Closed pd-giz-dave closed 3 years ago

pd-giz-dave commented 3 years ago

This is on a FiPy with firmware: "Pycom MicroPython 1.20.2.r4 [v1.11-ffb0e1c] on 2021-01-12; FiPy with ESP32"

os.uname() is: "(sysname='FiPy', nodename='FiPy', release='1.20.2.r4', version='v1.11-ffb0e1c on 2021-01-12', machine='FiPy with ESP32', lorawan='1.0.2', sigfox='1.0.1', pybytes='1.6.1')"

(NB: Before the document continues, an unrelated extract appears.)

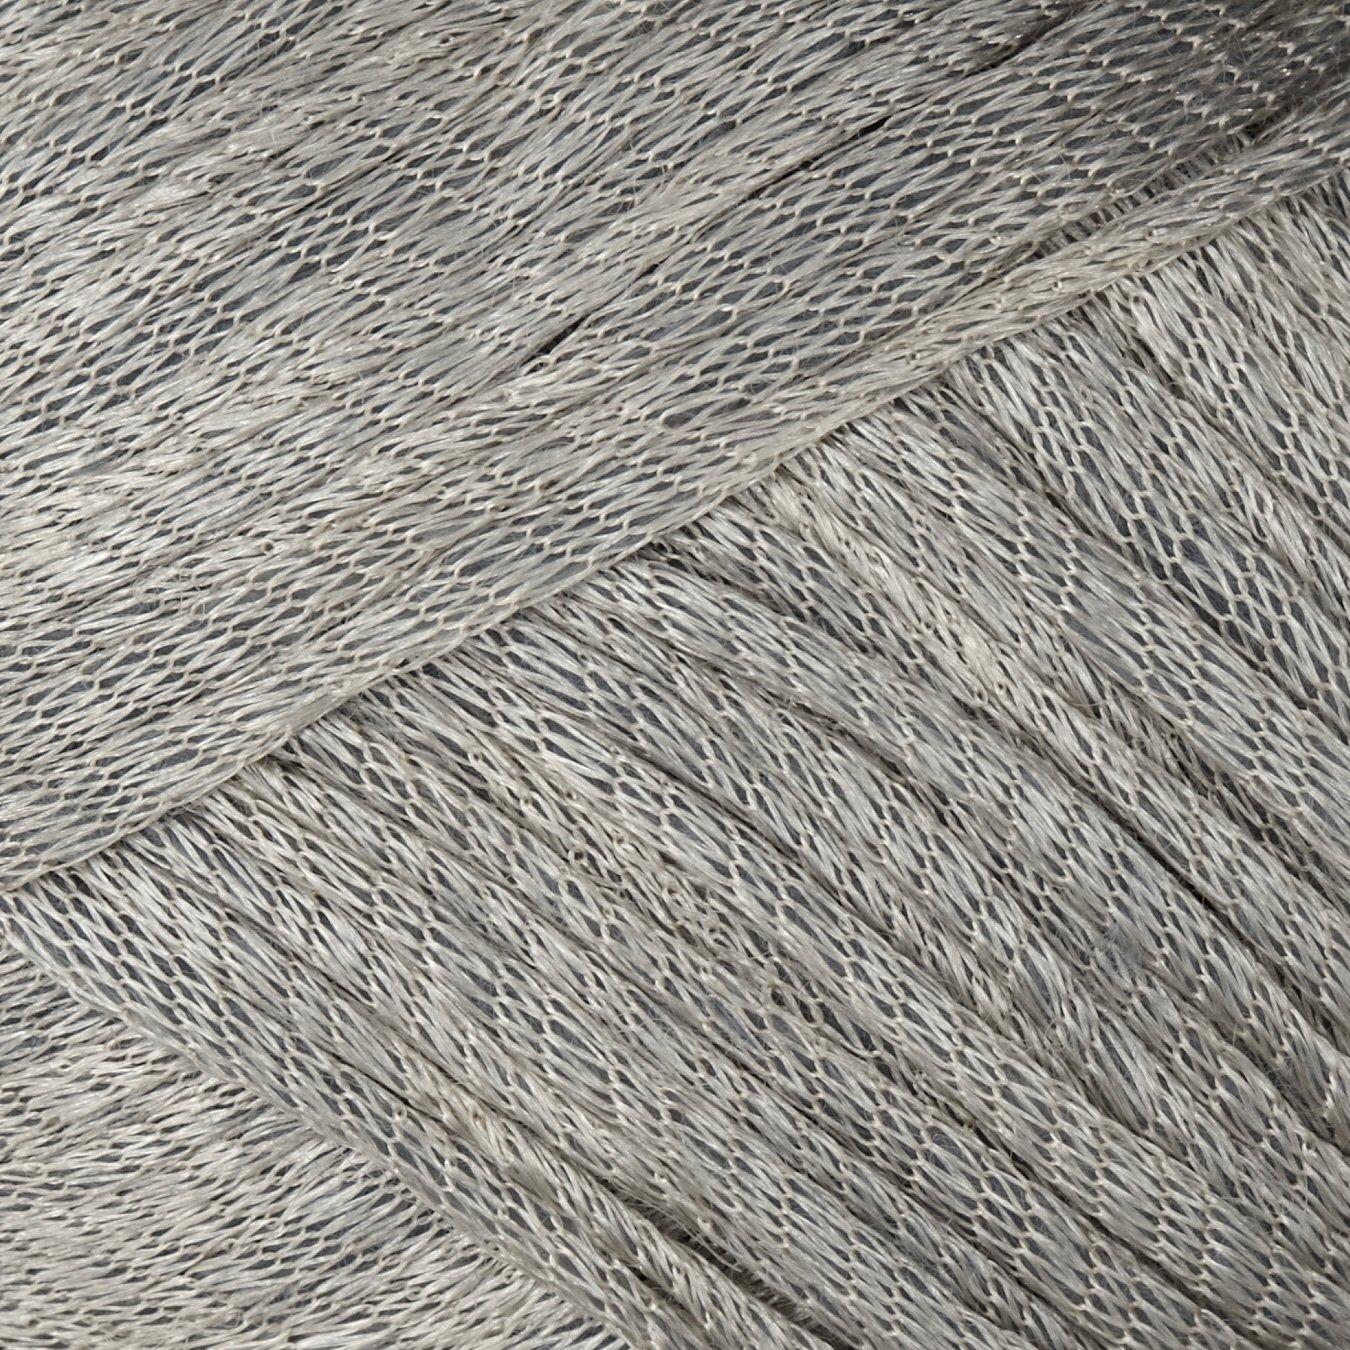 Amazon.com: Patons Metallic Yarn (95042) Platinum

To illustrate, do this in the repl:

import sys 1/0 # to generate an exception used to create a tuple object with '<' characters in it e = sys.exc_info() # e = (<class 'ZeroDivisionError'>, ZeroDivisionError('divide by zero',), None) ee = ujson.dumps(e) # ee = '[<class \'ZeroDivisionError\'>, ["divide by zero"], null]'

ee is not legal json, browsers choke on the '<' in the second character and the later '>'

amotl commented 3 years ago

Hi Dave,

while you are right that ujson apparently does a bad job on trying to serialize an exception object to JSON instead of rejecting that right away, if you really want to do that, you should approach a different strategy.

CPython

CPython will reject trying to serialize an Exception object.

import json

try:
    1/0
except Exception as ex:
    response = json.dumps(ex)
    print(response)
$ python json_exception.py
Traceback (most recent call last):
  File "json_exception.py", line 4, in <module>
    1/0
ZeroDivisionError: division by zero

During handling of the above exception, another exception occurred:

Traceback (most recent call last):
  File "json_exception.py", line 6, in <module>
    response = json.dumps(ex)
  File "/usr/local/opt/python@3.8/Frameworks/Python.framework/Versions/3.8/lib/python3.8/json/__init__.py", line 231, in dumps
    return _default_encoder.encode(obj)
  File "/usr/local/opt/python@3.8/Frameworks/Python.framework/Versions/3.8/lib/python3.8/json/encoder.py", line 199, in encode
    chunks = self.iterencode(o, _one_shot=True)
  File "/usr/local/opt/python@3.8/Frameworks/Python.framework/Versions/3.8/lib/python3.8/json/encoder.py", line 257, in iterencode
    return _iterencode(o, 0)
  File "/usr/local/opt/python@3.8/Frameworks/Python.framework/Versions/3.8/lib/python3.8/json/encoder.py", line 179, in default
    raise TypeError(f'Object of type {o.__class__.__name__} '
TypeError: Object of type ZeroDivisionError is not JSON serializable

CPython + MicroPython

Instead, you might approach serializing Exception messages like this. I confirmed it works on CPython, but it might also work on MicroPython.

import json

try:
    1/0
except Exception as ex:
    errordata = {"message": str(ex)}
    response = json.dumps(errordata)
    print(response)

With kind regards, Andreas.

amotl commented 3 years ago

See also https://github.com/micropython/micropython/issues/1719 for more background of (why) MicroPython is not able to raise an exception when the object is not serializable.

@pfalcon also notes:

It also should be pointed out that MicroPython provides the ujson module, which can't be compared one-to-one to CPython.

pd-giz-dave commented 3 years ago

Thanks for the insight. I'm new to Micropython (and Python) so finding it difficult to distinguish between my ignorance and bugs. I resolved my particular issue in the end like this:

except Exception as e: ee = sys.exc_info()[1]

Which gave me the exception name as a string.